Stirling Moss, at the wheel of Rob Walker's Porsche, won the 59-lap event in 1960, conquering the Porsches of Germans Hans Herrmann and Edgar Barth. It should have been a 60-lapper, but had to be halted prematurely when the over-enthusiastic crowd broke down the barriers and ran on to the track.
A full-scale Formula One race was organised in 1961, an 80-lap, 159.07-mile race which attracted entries from the Porsche, Lotus and Cooper works teams plus top private teams such as Yeoman Credit, Camoradi and Scuderia Centro-Sud. Innes Ireland and Jim Clark seemed set to give Lotus a 1-2 result until after half-distance when Clark's car developed a steering fault, dropping him to an eventual fourth.

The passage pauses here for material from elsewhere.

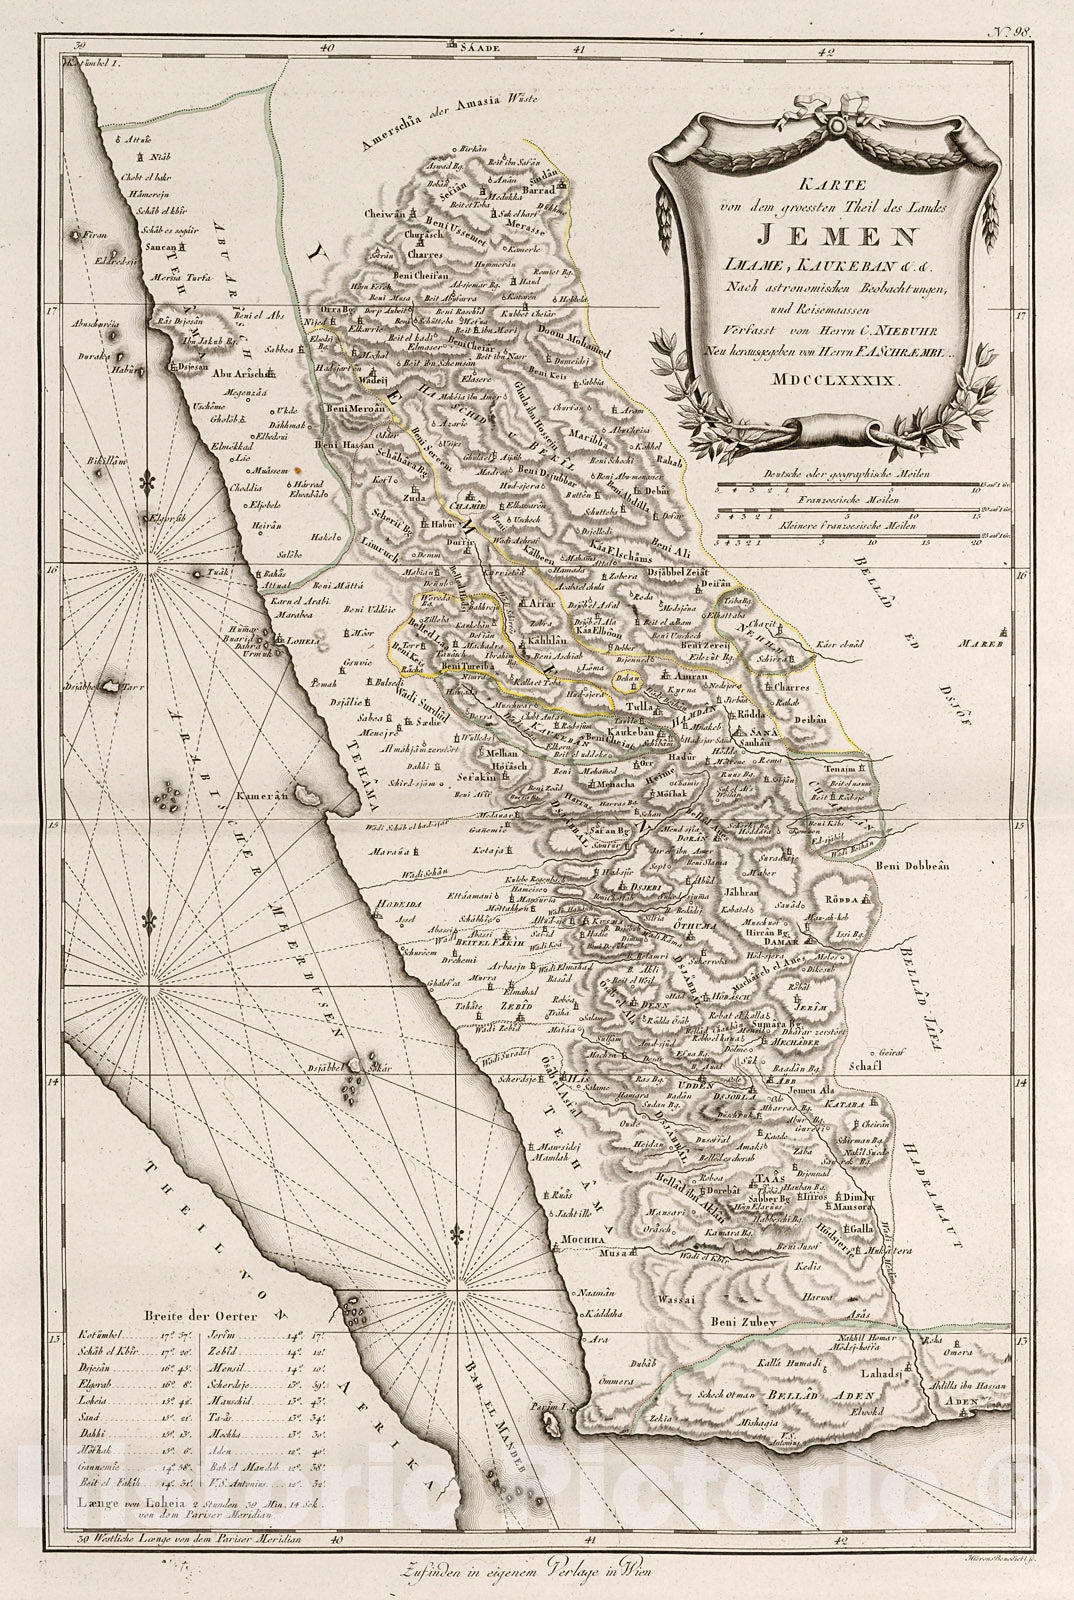 Historic Map : Karte von dem groessten Theil des Landes Jemen, Lmame, Kaukeban., 1800, Vintage Wall Decor

The first Austrian Grand Prix
There was no race in 1962, but the following year the first Austrian Grand Prix was held, with the intention of including it in the list of qualifying rounds for the 1964 World Championship. Jack Brabham
in the Brabham B7T-Climax, won by five laps from Tony Settember's Scirocco-BRM. Rindt was back in 1964 in a competitive car, Rob Walker's Brabham BT11-BRM, for the most ambitious race yet staged in Austria, a World Championship Grand Prix. The 1.99-mile circuit had to be lapped no fewer than 105 times!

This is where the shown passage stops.